我们将使用 PyTorch(一种流行的深度学习框架)来开发和训练线性回归模型。
二元回归的简单示例
对于此分析,我们将使用scikit-learn 库中的 make regression() 函数生成的合成数据集。数据集由输入特征和目标变量组成。输入特征代表自变量,而目标变量代表我们想要预测的因变量
import seaborn as sns
import numpy as sns
import torch
import torch.nn as nn
import torch.optim as optim
import sklearn
from sklearn import datasets
import pandas as pd
data=datasets.make_regression() # from sklearn we are going to select one dataset
df = pd.DataFrame(data[0], columns=[f"feature_{i+1}" for i in range(data[0].shape[1])])
df["target"] = data[1]
数据的结构,100 rows × 101 columns,最后 1 column为目标值
PyTorch 是一个功能强大的开源深度学习框架,提供了一种灵活的方式来构建和训练神经网络。
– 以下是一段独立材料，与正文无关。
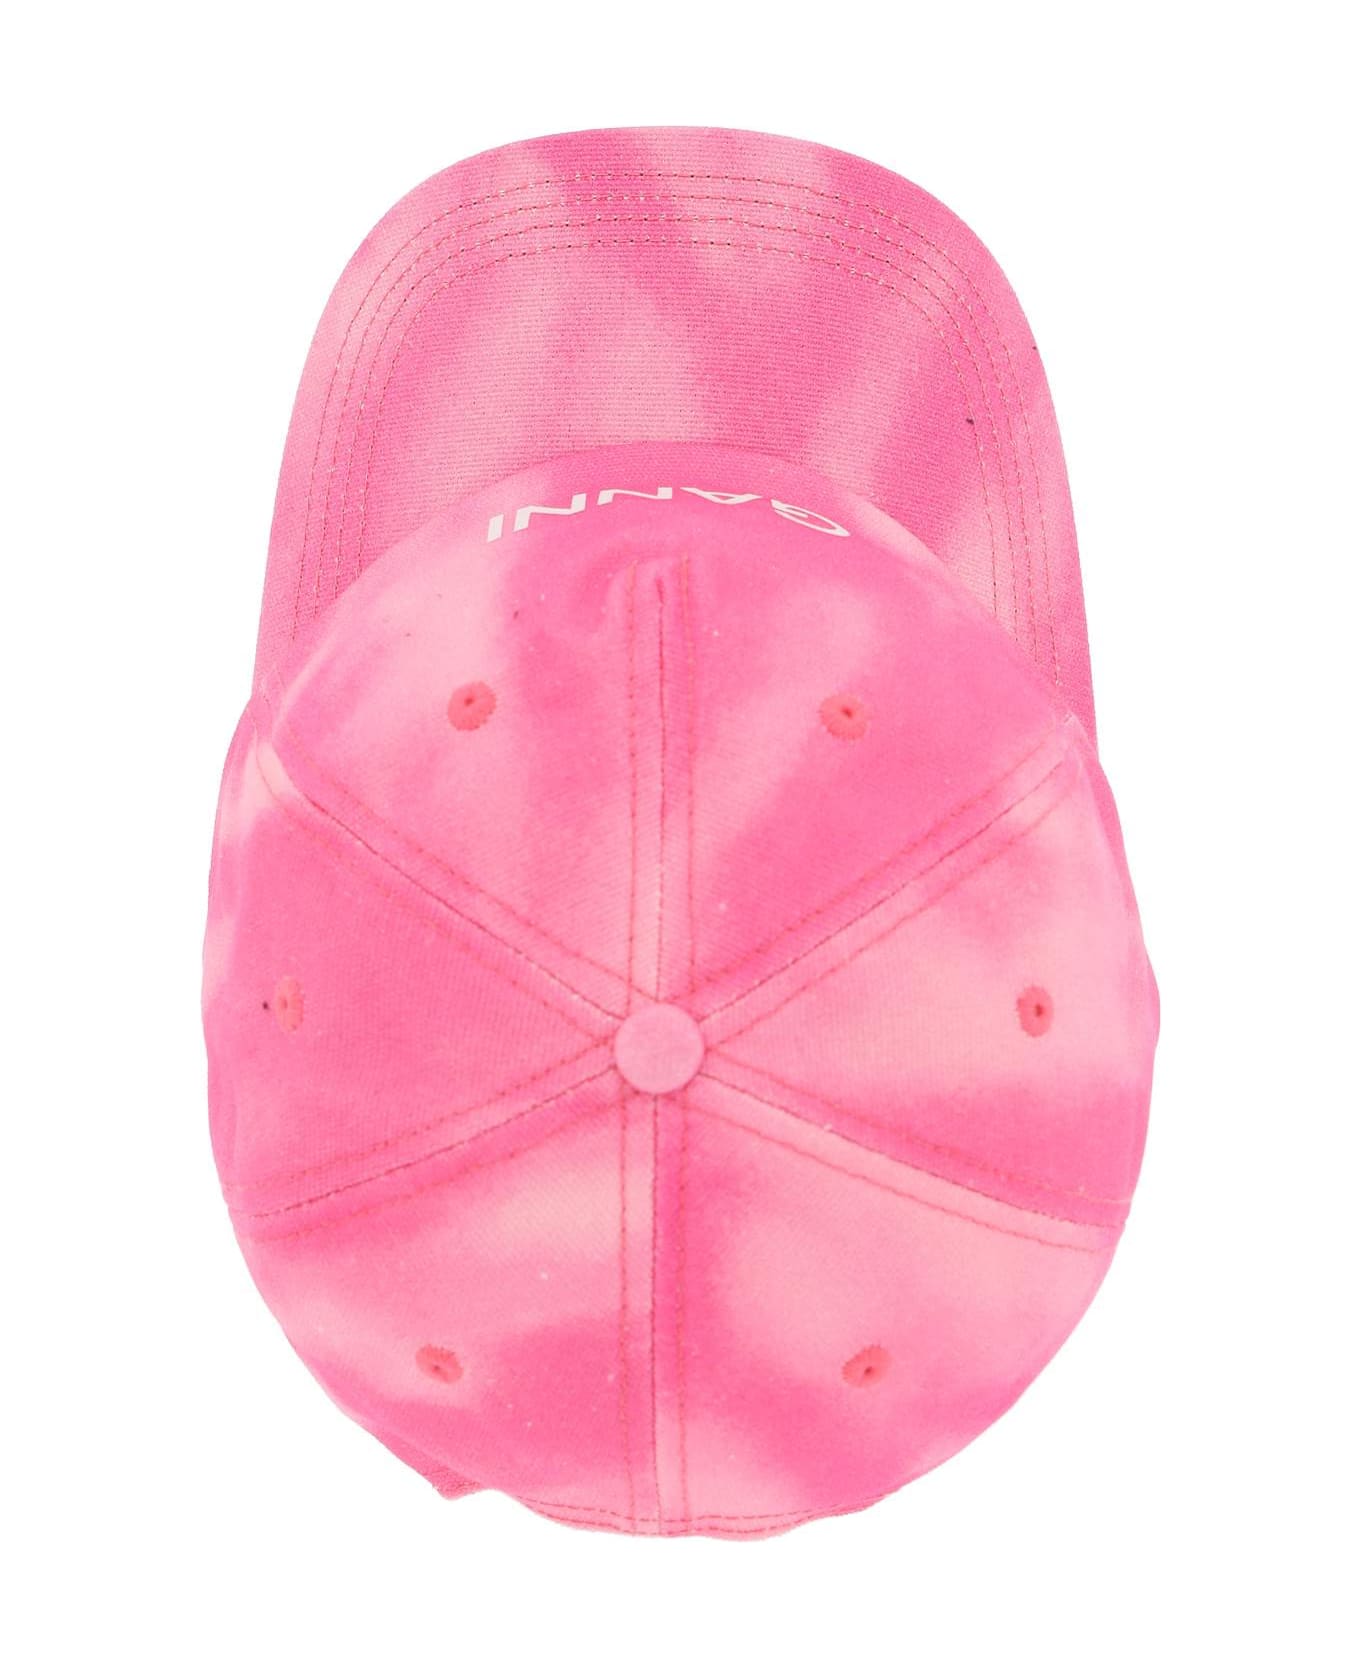 Ganni Logoed Baseball Cap - DREAMY DAZE PHLOX PINK (Pink)
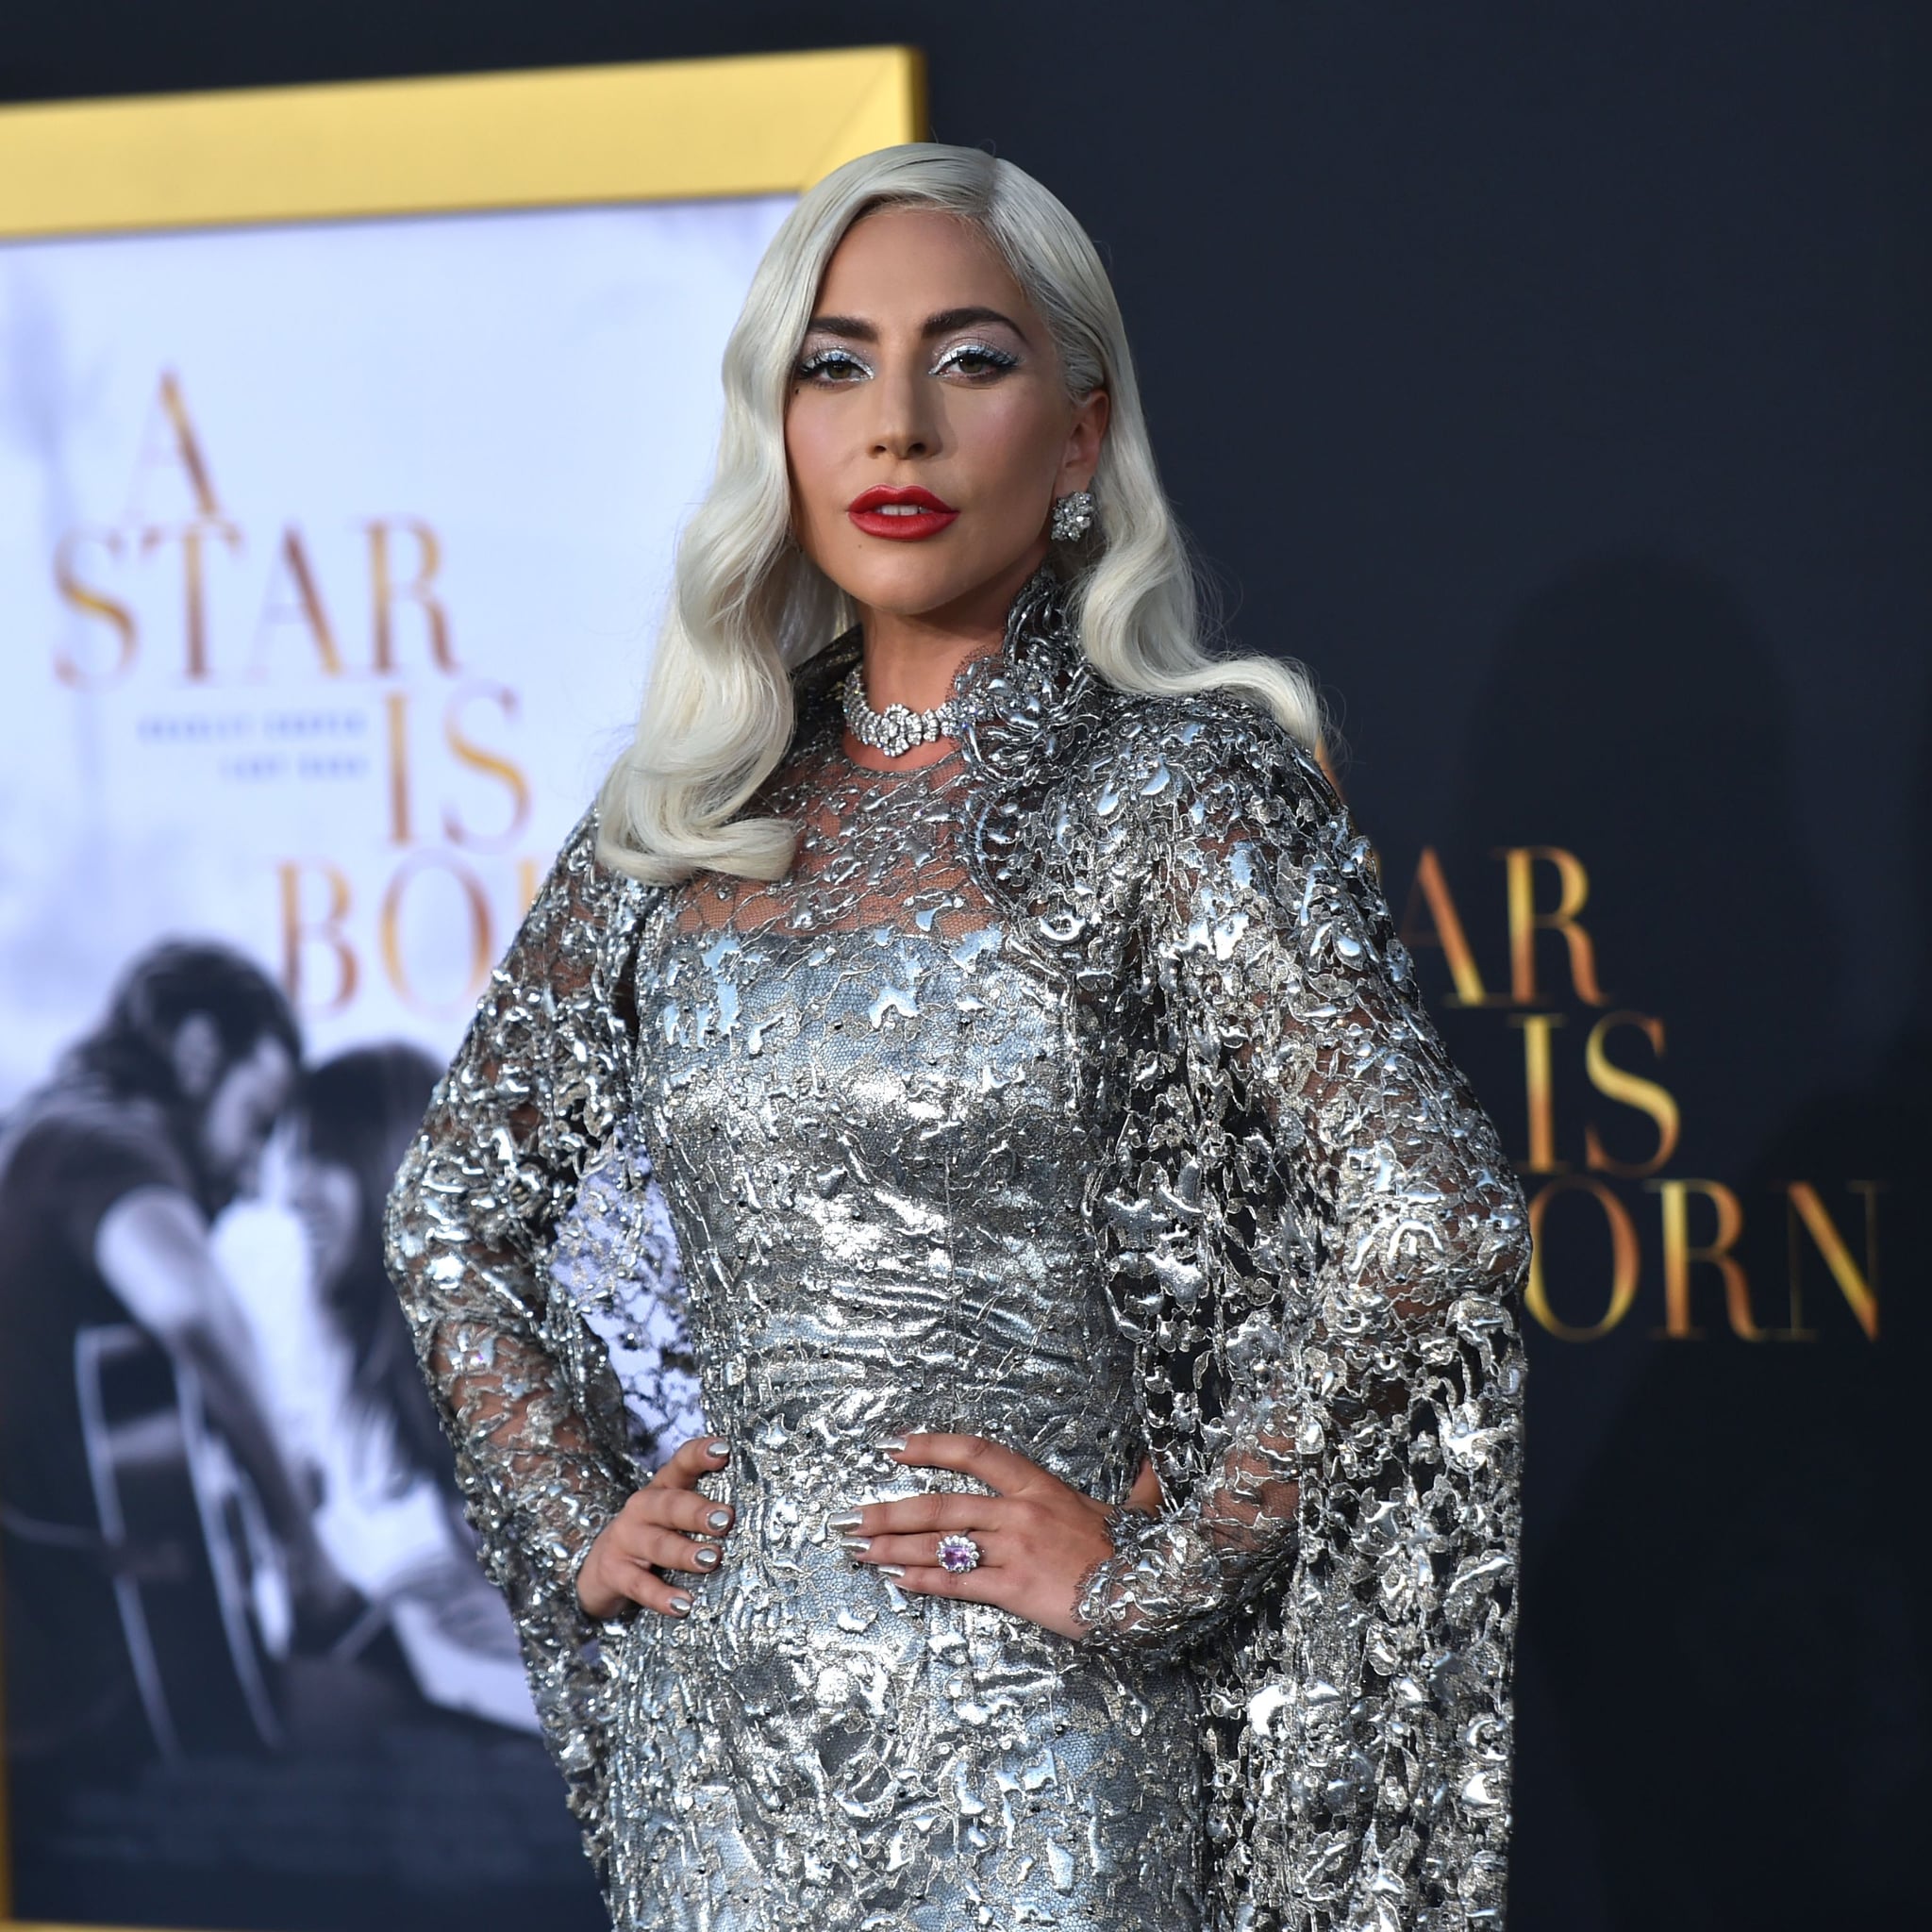 Gaga's Silver Dress Star Is Born Premiere Sept 2018 | POPSUGAR Fashion

它提供了一系列张量运算、自动微分和优化算法的功能。
使用 sklearn Train-Test-split 准备数据以开发模型
x=df.iloc[: , :-1] # 除目标数据身下所以的
y=df.iloc[: , -1] # target
from sklearn.model_selection import train_test_split
X_train,X_test,y_train,y_test=train_test_split(x,y,test_size=0.2,random_state=42)
print(type(X_train))
# X_train=torch.tensor(X_train,dtype=torch.float32)
X_train = torch.tensor(X_train.values, dtype=torch.float32) # 转化为 tensor
X_test = torch.tensor(X_test.values, dtype=torch.float32)
y_train = torch.tensor(y_train.values, dtype=torch.float32)
y_test = torch.tensor(y_test.values, dtype=torch.float32)
数据准备好了,可以准备模型了
我们的线性回归模型是作为PyTorch 中nn.Module类的子类实现的。该模型由多个按顺序连接的完全连接(线性)层组成。
class linearRegression(nn.Module):
# 所有来自torch的依赖项将被传递给这个类[父类]
# nn.Module 包含了神经网络的所有构建模块:
def __init__(self,input_dim):
super(linearRegression,self).__init__() # building connection with parent and child classes
self.fc1=nn.Linear(input_dim,10) # hidden layer 1
self.fc2=nn.Linear(10,5) # hidden layer 2
self.fc3=nn.Linear(5,3) # hidden layer 3
self.fc4=nn.Linear(3,1) # last layer
def forward(self,d):
out=torch.relu(self.fc1(d)) # input * weights + bias for layer 1
out=torch.relu(self.fc2(out)) # input * weights + bias for layer 2
out=torch.relu(self.fc3(out)) # input * weights + bias for layer 3
out=self.fc4(out) # input * weights + bias for last layer
return out # final outcome
input_dim=X_train.shape[1] # 获取 input_dim 变量的数量
torch.manual_seed(42) # to make initilized weights stable:
model=linearRegression(input_dim)
# select loss and optimizers
loss=nn.MSELoss() # loss function
optimizers=optim.Adam(params=model.parameters(),lr=0.01)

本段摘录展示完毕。